Set new value to the attribute lags. Attributes max_lag and window_size are also updated.

method
set_out_sample_residuals(residuals, append=True)

Set new values to the attribute out_sample_residuals. Out of sample residuals are meant to be calculated using observations that did not participate in the training process.

Parameters
  • append (bool, default `True`) If True, new residuals are added to the once already stored in the attribute out_sample_residuals. Once the limit of 1000 values is reached, no more values are appended. If False, out_sample_residuals is overwritten with the new residuals.
  • params (1D np.ndarray) Values of residuals. If len(residuals) > 1000, only a random sample of 1000 values are stored.
method
get_coef()

Return estimated coefficients for the linear regression model stored in the forecaster. Only valid when the forecaster has been trained using as regressor:LinearRegression(),Lasso()orRidge()`.

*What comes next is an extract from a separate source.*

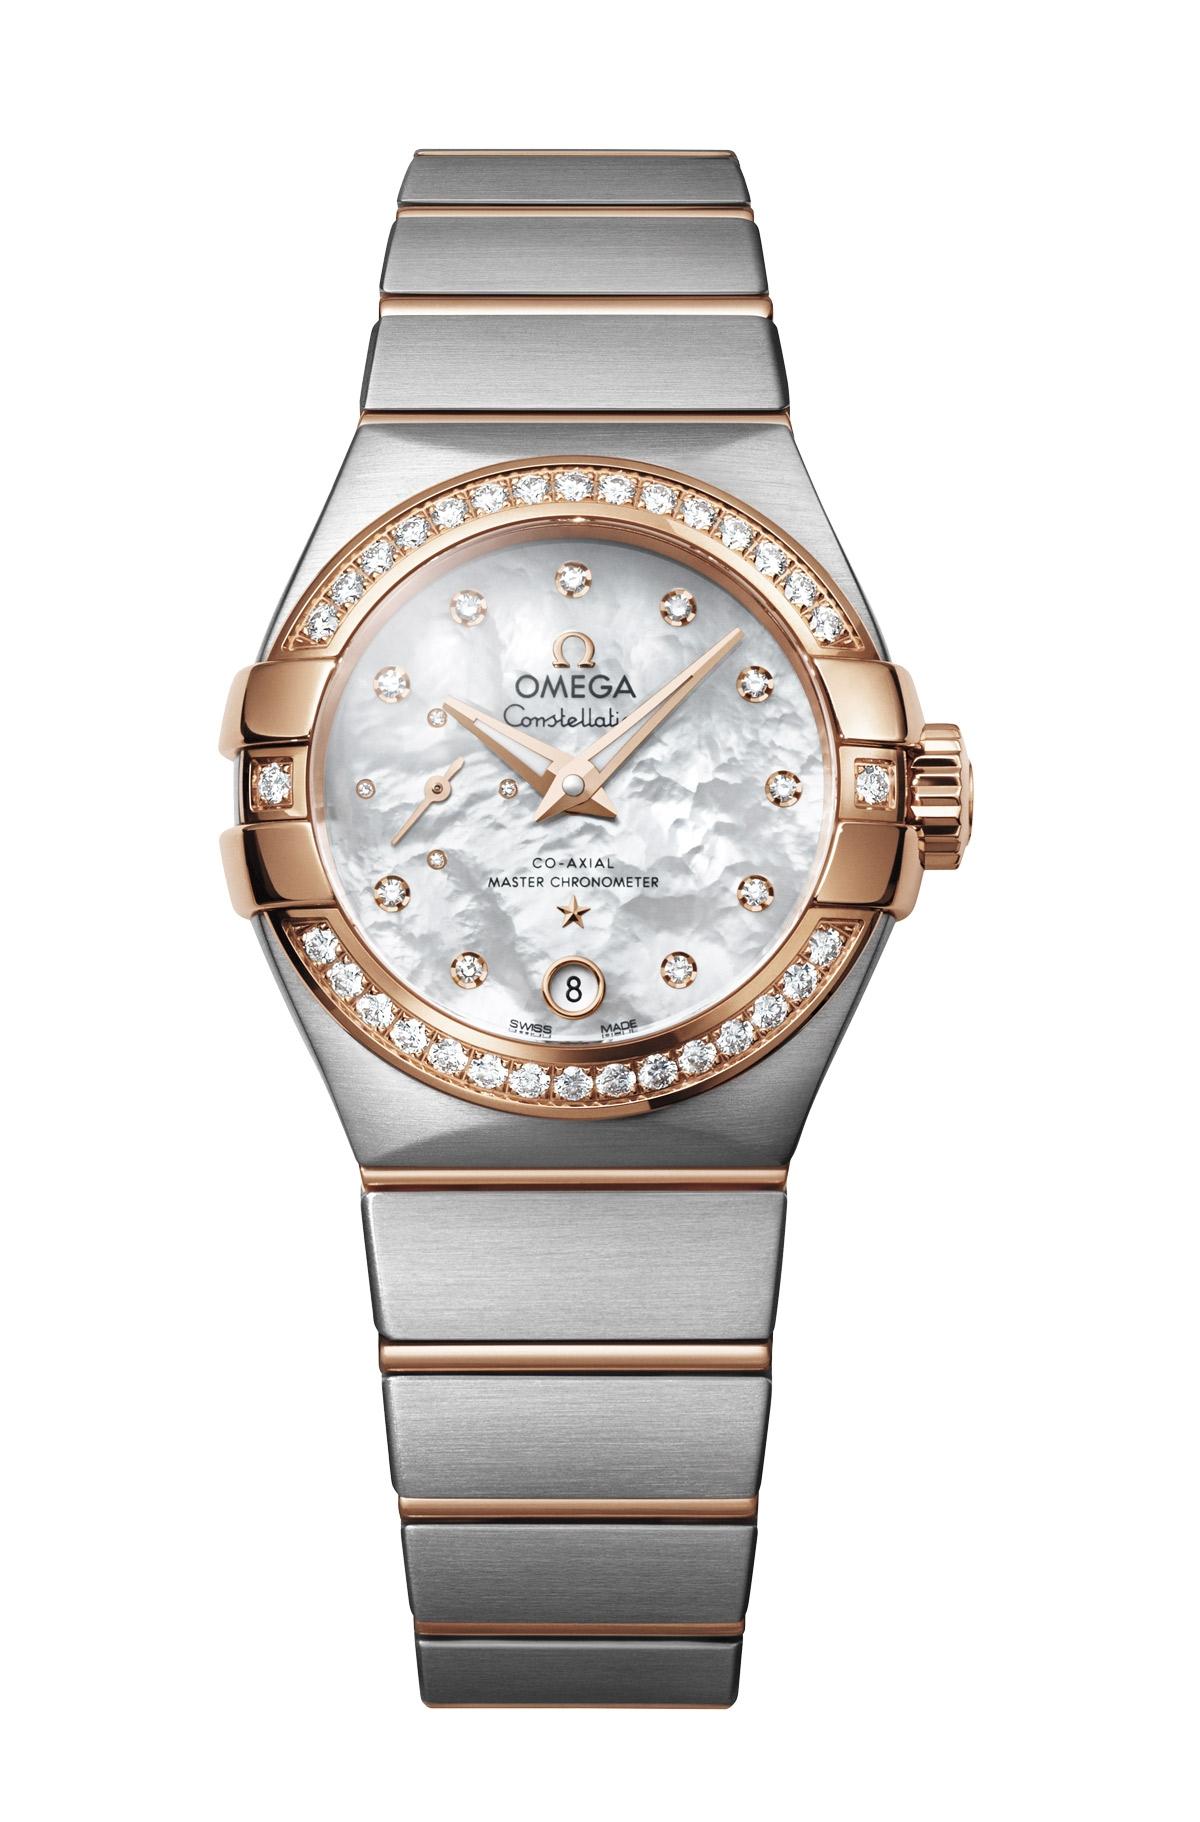 Bộ sưu tập đồng hồ OMEGA

Returns (coef : pandas DataFrame)

Value of the coefficients associated with each predictor.

method
get_feature_importance()

Return impurity-based feature importance of the model stored in the forecaster. Only valid when the forecaster has been trained using GradientBoostingRegressor , RandomForestRegressor or HistGradientBoostingRegressor as regressor.

Returns (feature_importance : pandas DataFrame)

Impurity-based feature importance associated with each predictor.